- DATA FOR THIS TASK -
+++++

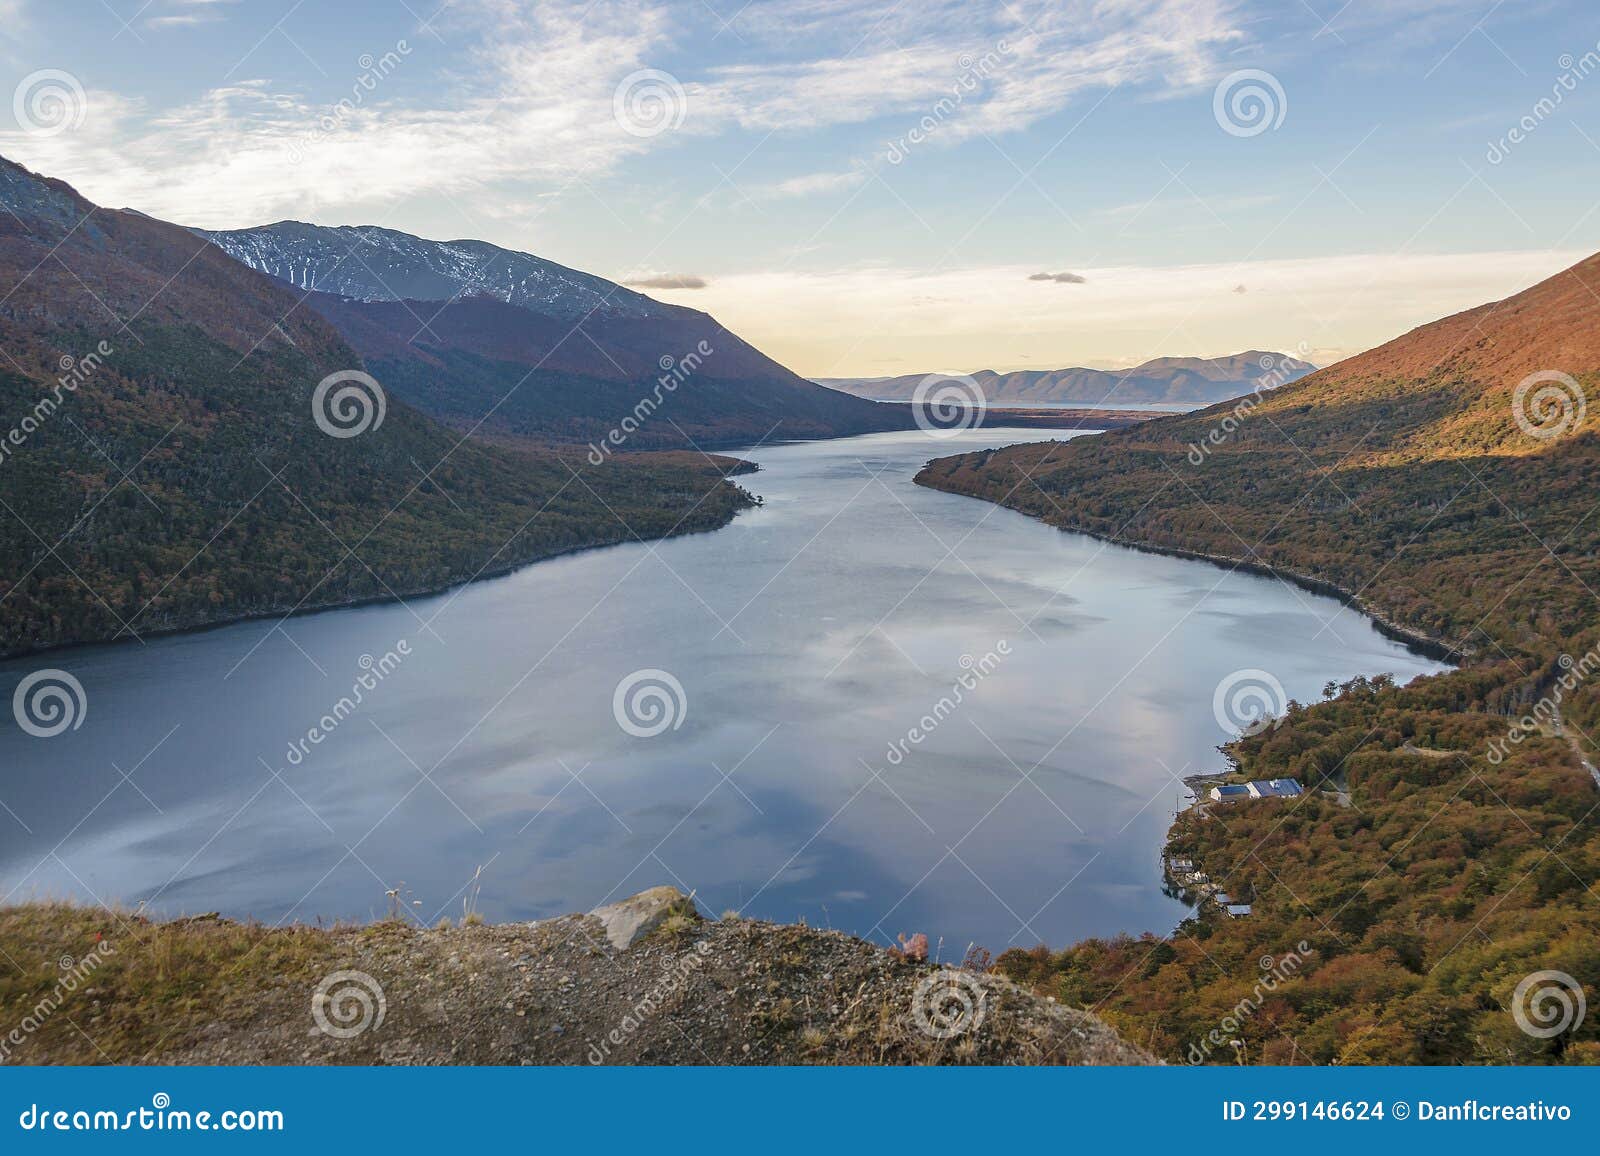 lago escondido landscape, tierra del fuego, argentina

+++++

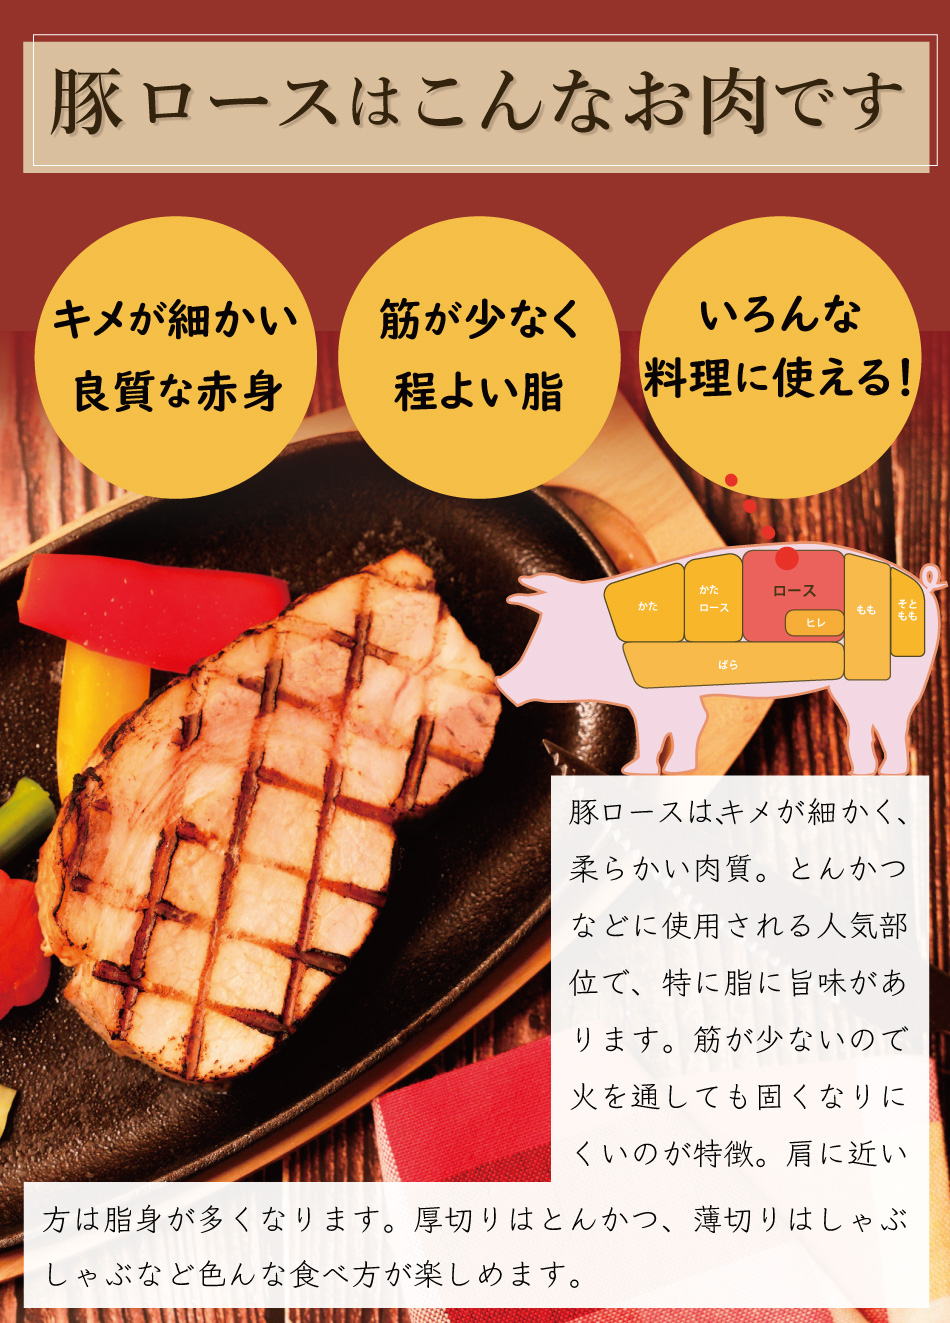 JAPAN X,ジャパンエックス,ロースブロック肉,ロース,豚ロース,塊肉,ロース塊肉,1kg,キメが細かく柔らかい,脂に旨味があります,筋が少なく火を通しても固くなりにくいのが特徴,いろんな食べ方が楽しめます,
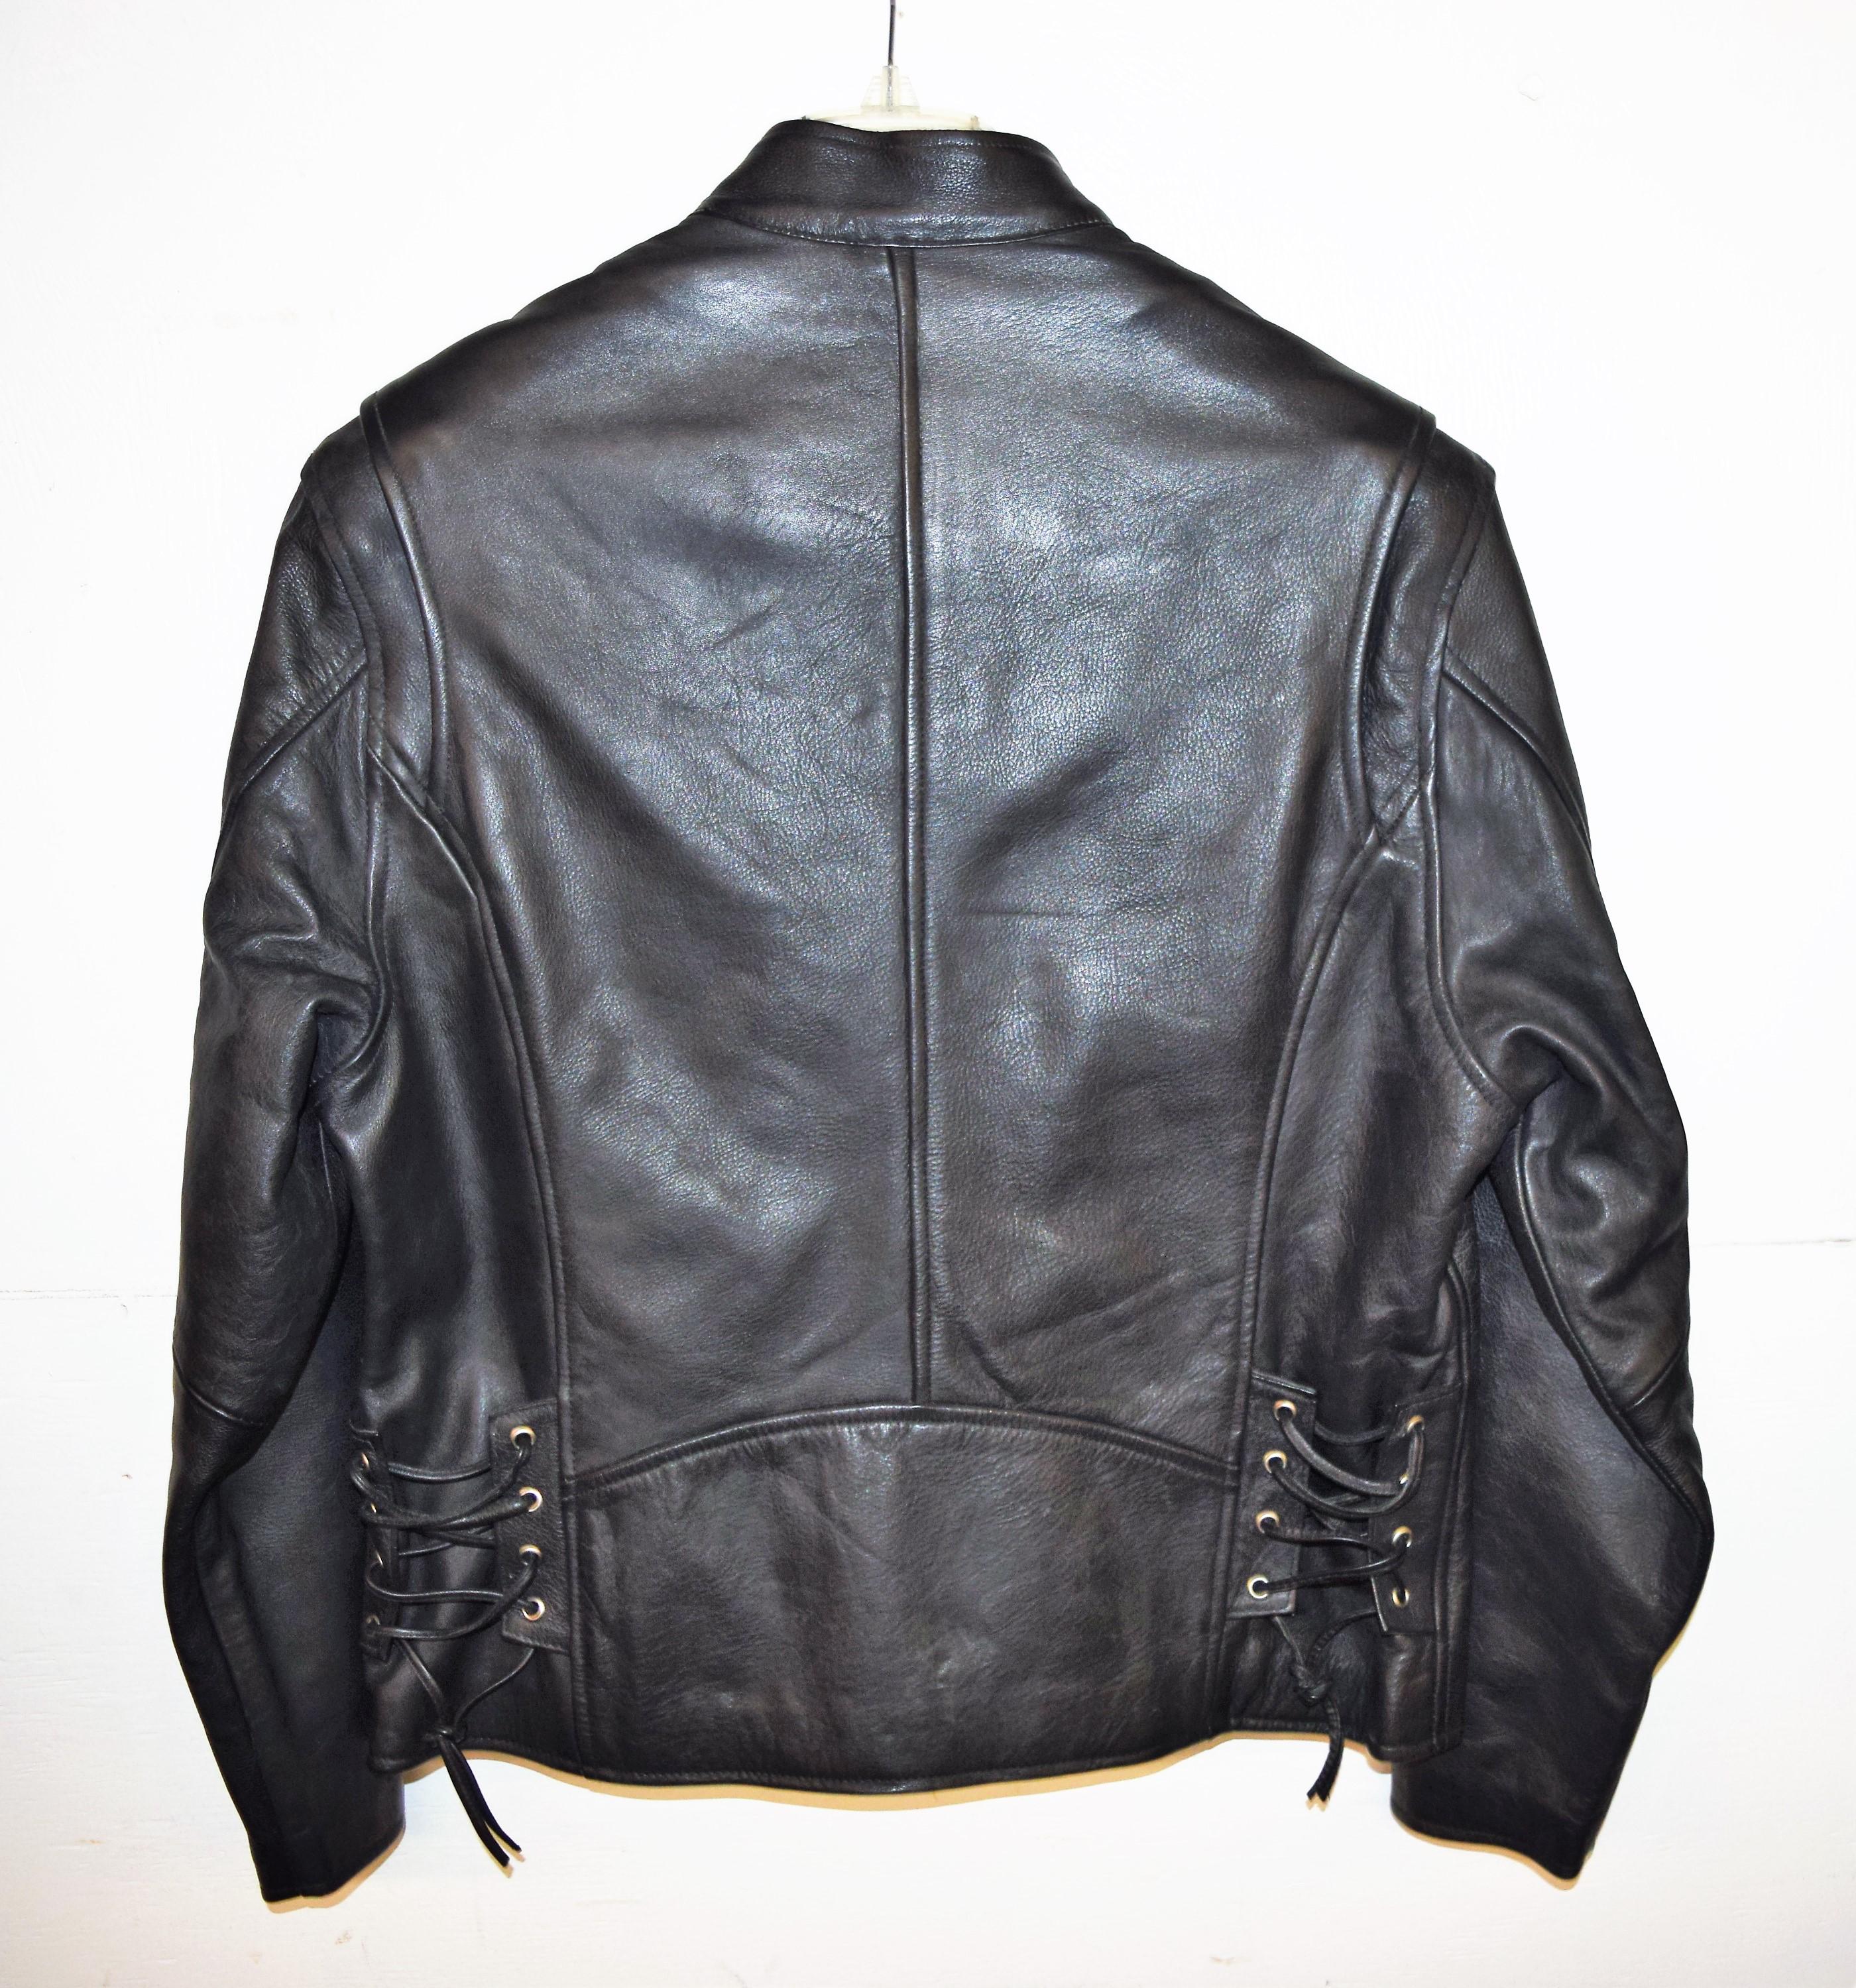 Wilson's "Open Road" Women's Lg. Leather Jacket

+++++

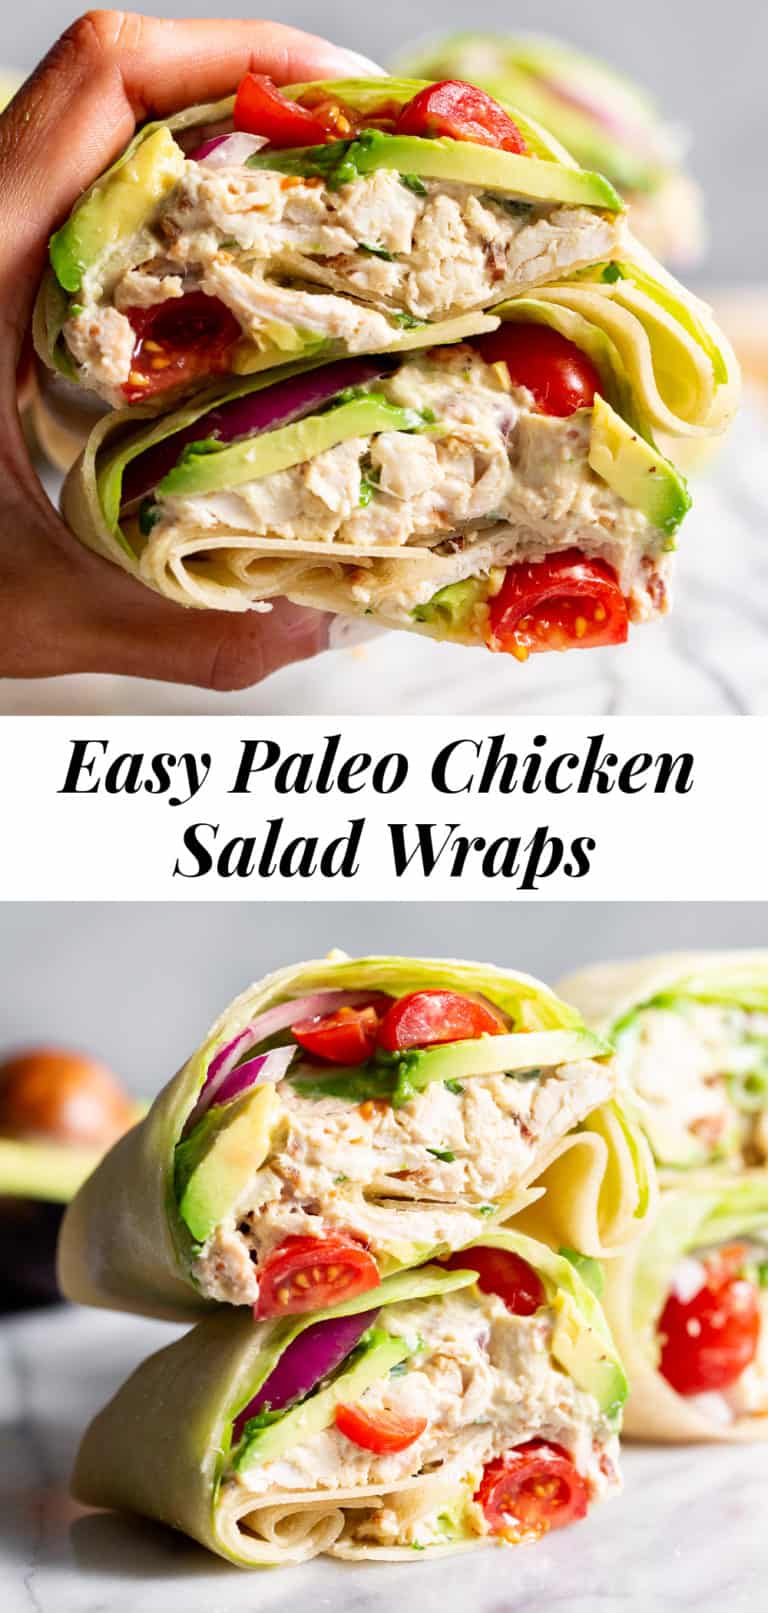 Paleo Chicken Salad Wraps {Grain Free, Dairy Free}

+++++

- EXERCISE DETAILS -
Please print the lines above word for word, starting at the one with "JAPAN X,ジャパンエッ" and ending at the one with "Lg. Leather Jacket", both included, and without any picture.

- YOUR SOLUTION -
 JAPAN X,ジャパンエックス,ロースブロック肉,ロース,豚ロース,塊肉,ロース塊肉,1kg,キメが細かく柔らかい,脂に旨味があります,筋が少なく火を通しても固くなりにくいのが特徴,いろんな食べ方が楽しめます,
 Wilson's "Open Road" Women's Lg. Leather Jacket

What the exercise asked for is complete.